Márquez’s 2016 season has been that of … not a different rider, but certainly a much changed version of the same rider

Márquez’s 2016 season has been that of … not a different rider, but certainly a much changed version of the same rider

They say one should always expect the unexpected. Nobody expected Márquez to secure his third MotoGP title at Motegi. Even were he to win, he needed Rossi to finish 15th or worse and Lorenzo lower than fourth.

All three happened: Márquez won, and both of his rivals crashed out. Game over. Whether anyone expected it or not.

The phrase can also be inverted – and needs to be – for a talent like Márquez. The way things stand, to stay interested for the next couple of years, we need to unexpect the expected.

We need to expect him not to win, so we can be surprised when he does.

Márquez arrived as a callow youth in 2013, two smaller-class titles in his cabinet, his 21st birthday still almost a year away, and already too fast for the others. Blazed to two titles with a win-or-crash style that more usually resulted in the former.

In 2015 it went the other way, and he paid the price, the title going to the more consistent Lorenzo. It was an expensive way, he said at Motegi, to learn a valuable lesson. Steady scoring is a more reliable way of winning championships than flashing or crashing.

In this way, his 2016 season has been that of … not a different rider, but certainly a much changed version of the same rider.
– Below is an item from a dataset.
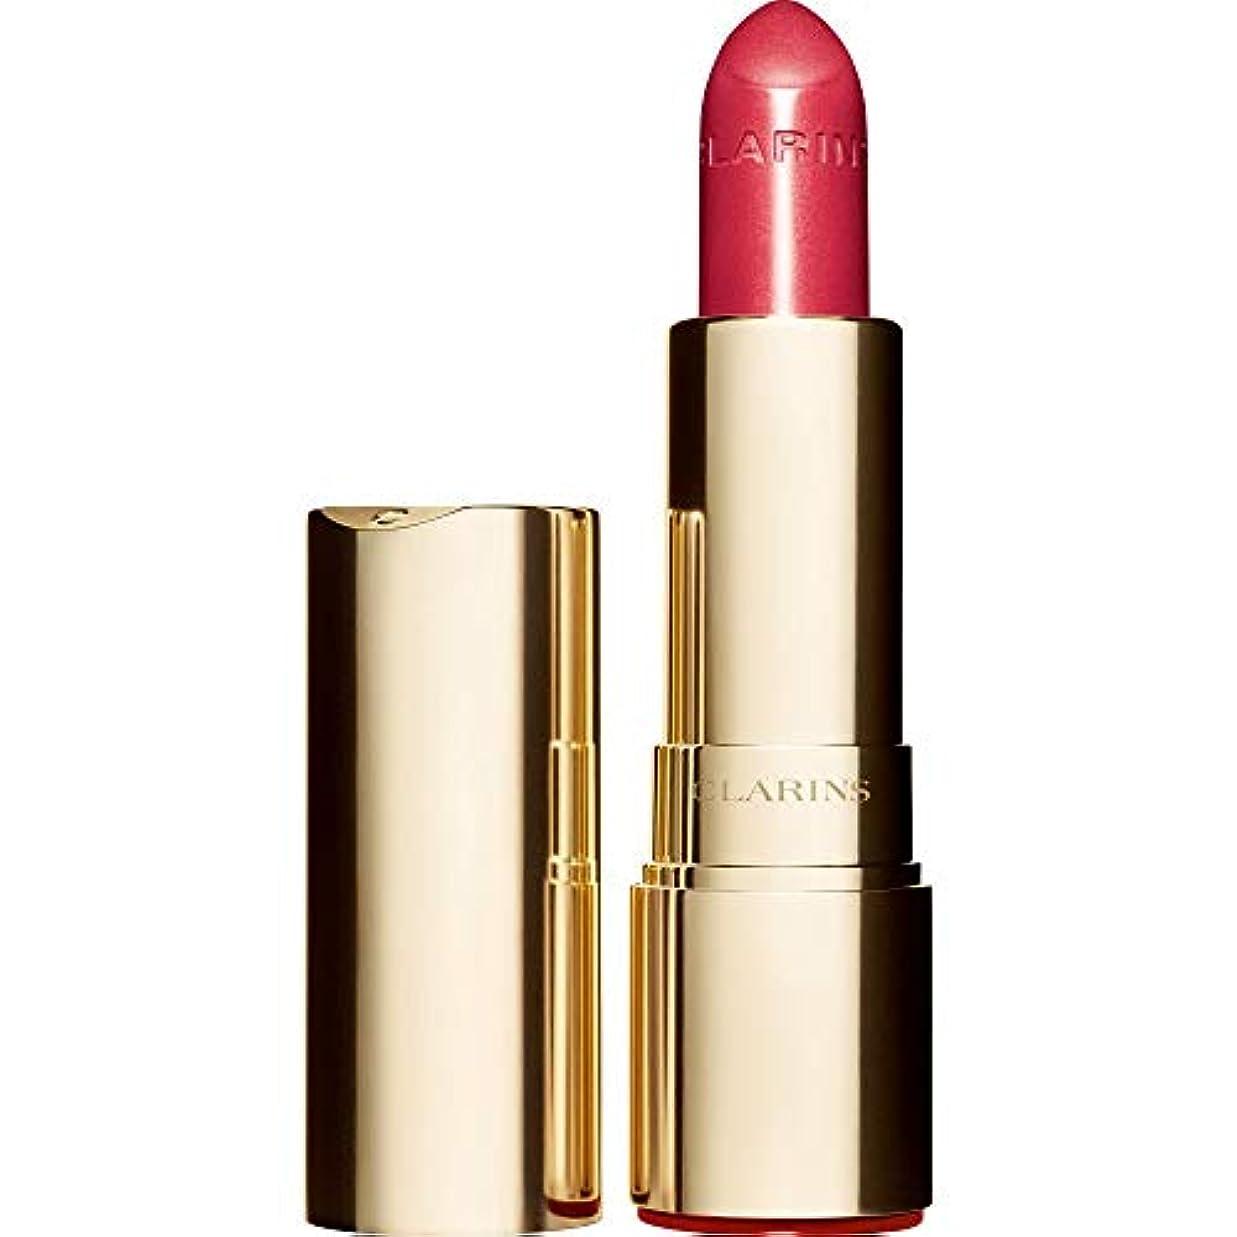 雹委任散文[Clarins ] クラランスジョリルージュブリリアント口紅3.5グラムの756S - グアバ - Clarins Joli Rouge Brillant Lipstick 3.5g 756S - Guava [並行輸入品]

He still has his special gifts – all reminiscent of the rider he displaced on all the ‘youngest-ever’ lists that matter, the formerly Fast Freddie Spencer. These can be summed up succinctly: he can crash, without falling off. Not every time, anyway; and it is a technique he uses to locate the giddy limit with great precision.

In 2016 he changed (in one of his favourite terms) his ‘mentality’. He would push to and beyond the limit in practice, always prepared to fall off, then pull back a bit in the races. He was “prepared to accept coming second”.

It is the times he found the limit, went over it, and didn’t fall off that mark him out as the special one. He has added to his history of unbelievable saves several times this year.

As at Brno. The front went, and he was effectively down and sliding towards the gravel, for a long, long time. With elbow and knee he picked it up again. It was not his first such at Brno, and not his biggest miracle either, he thought. The slide was long, he allowed, but “but the angle of the bike was 67.5º,” he said. “In 2014 it was more than 68º.”

I asked Rossi if he could have saved it. He was full of amused admiration. Márquez could because of his position on the bike and his talent, he said. As for himself, “I go slower so I don’t lose the front.”

Going slower, however, is not going to work when Marc is about. Especially the new grown-up version.

Up to the race at Phillip Island, on a bike that still has some shortcomings, and certainly started the year with clearly visible problems accelerating, he has won five races.

More impressively, he is the only rider to score points in every single race. Even with his one race crash at Le Mans, he got back on for 13th. One of only four occasions that he was not on the podium.

The previous young genius, the marvellously talented Spencer, blazed bright but quickly burned out. In retrospect, there were warnings. Freddie had a history of not turning for tests, and the like. It seems he had everything except sufficient obsession. A bit too human, perhaps.

Márquez has shown no such signs so far.

Looks like Rossi’s time as successor to Hailwood as Greatest Of All Time might be short-lived.

But I for one shall try not to expect it.